A brief explanation of how CSMA/CD works is as follows:

 Terminals (PCs, printers, etc.) connected to Ethernet always share the same bandwidth, and the number of terminals that can communicate on the transmission path is always limited to one. In other words, if another terminal is communicating, that terminal cannot communicate.

 The terminal that wants to communicate checks the availability of the transmission line and starts sending data. Which terminal can send data is first come, first served.

Now let's take a closer look at CSMA/CD.

 First, the terminal that you want to communicate with uses a NIC, etc., to check whether other data is flowing on the transmission path. This behavior is called "Carrier Sense".

 If no data is flowing on the transmission line, PC_A will transmit data on a first-come, first-served basis. This data will reach all terminals except PC_A.

Terminals other than the destination PC_D are discarded because the data is not addressed to them.

If there are other terminals that you want to communicate with, wait for the communication to finish and send after a random waiting time.

 In the example above, PC_A successfully sends data to PC_D, but what if the timing is bad?

 If the timing is bad, multiple terminals will start sending data at the same time. Then, on the transmission path, mutual data will collide (collision).

When data collides on the transmission path, the data is destroyed and the waveform of the electrical signal flowing through the cable is destroyed.

 Each terminal monitors the electrical signal with this collapsed voltage to determine whether a collision has occurred.

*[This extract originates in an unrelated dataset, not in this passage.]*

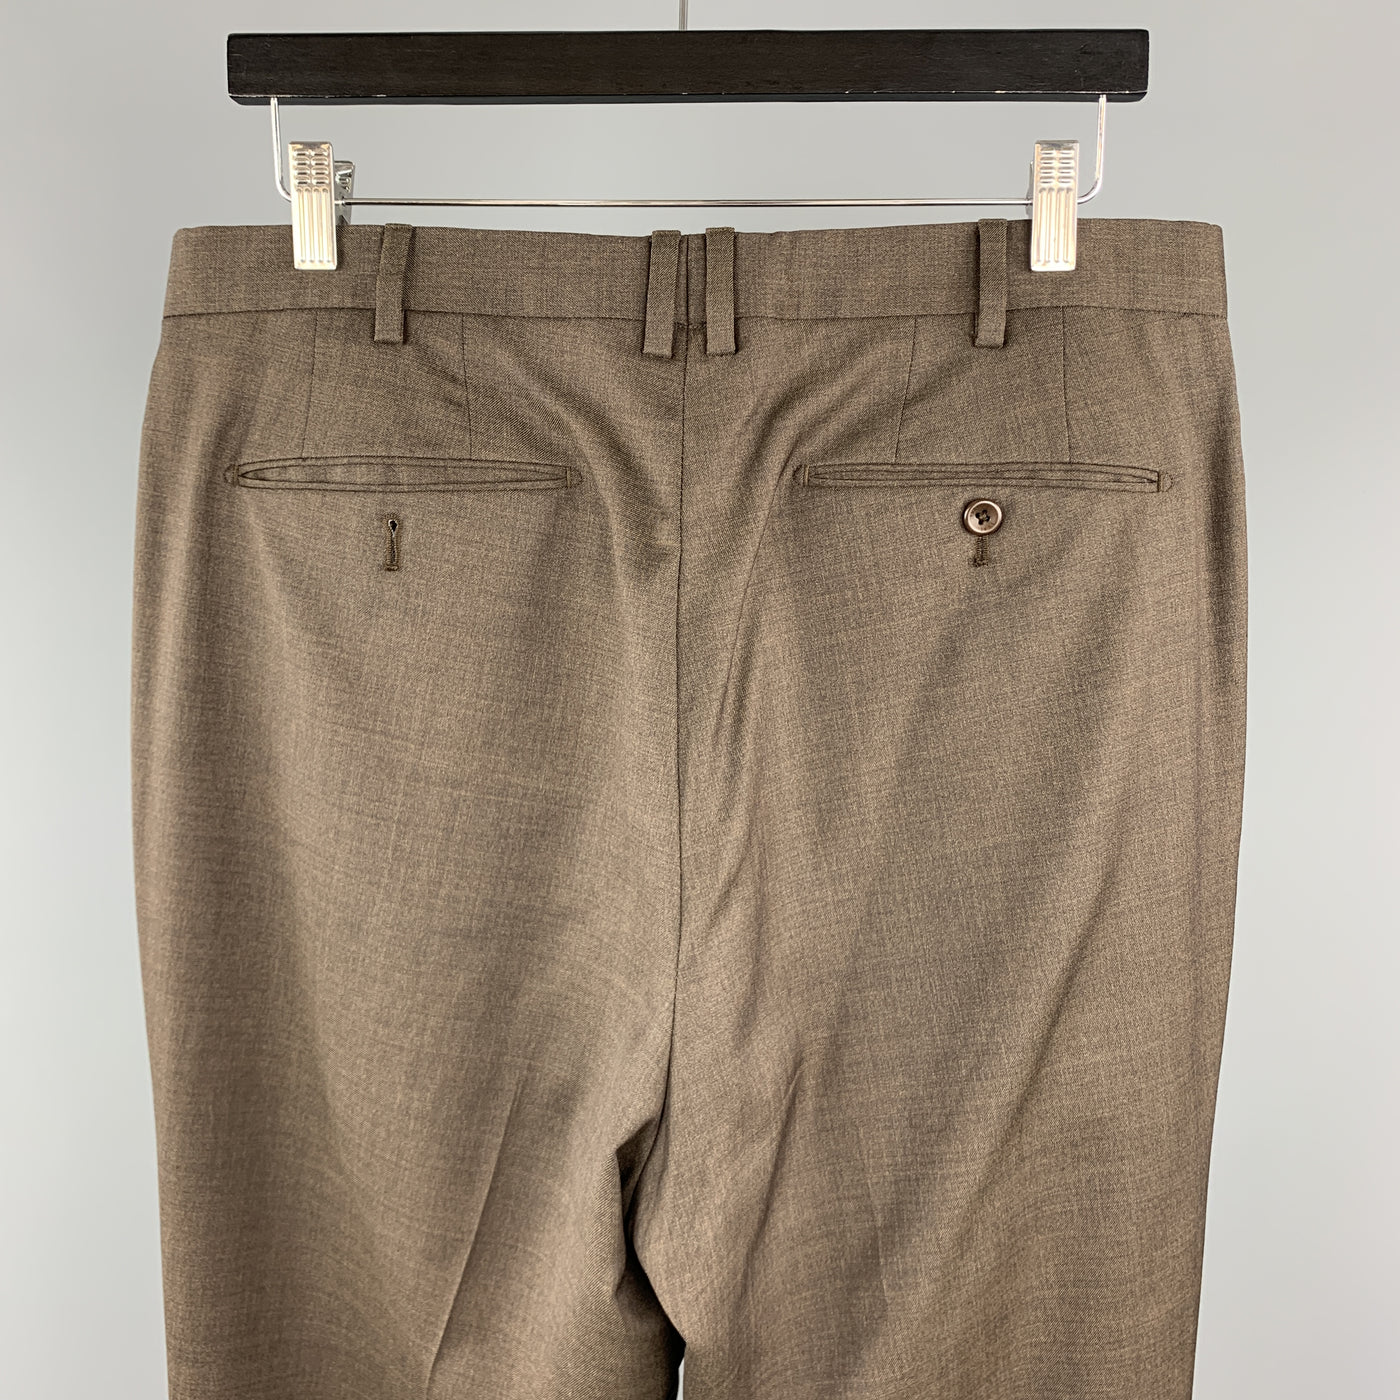 INCOTEX Size 32 Brown Wool Front Tab Cuffed Dress Pants

 The first terminal to detect a collision broadcasts data to all terminals telling them that a collision has occurred. This data is called a "jam signal".

 When a terminal detects a collision (Collision Detection), it waits for a random amount of time before retransmitting data. This random time is miso.

 If both parties send data at the same time, another collision will occur. So I'm trying to wait a random amount of time and send it again.

 The algorithm that calculates the waiting time until this transmission is called the "backoff algorithm", and the more retries, the longer the waiting time until the next transmission.

The number of retransmissions is up to 16 times, and if communication is not successful within 16 times, the communication fails and the OS is notified.

 Because of its simple mechanism, Ethernet is widely used and is still a technology that supports LANs. However, in recent years, with the increase in the number of terminals in the segment and the speeding up of lines, CSMA/CD is no longer compatible. increase.

Therefore, full-duplex communication is now mainstream instead of CSMA/CD.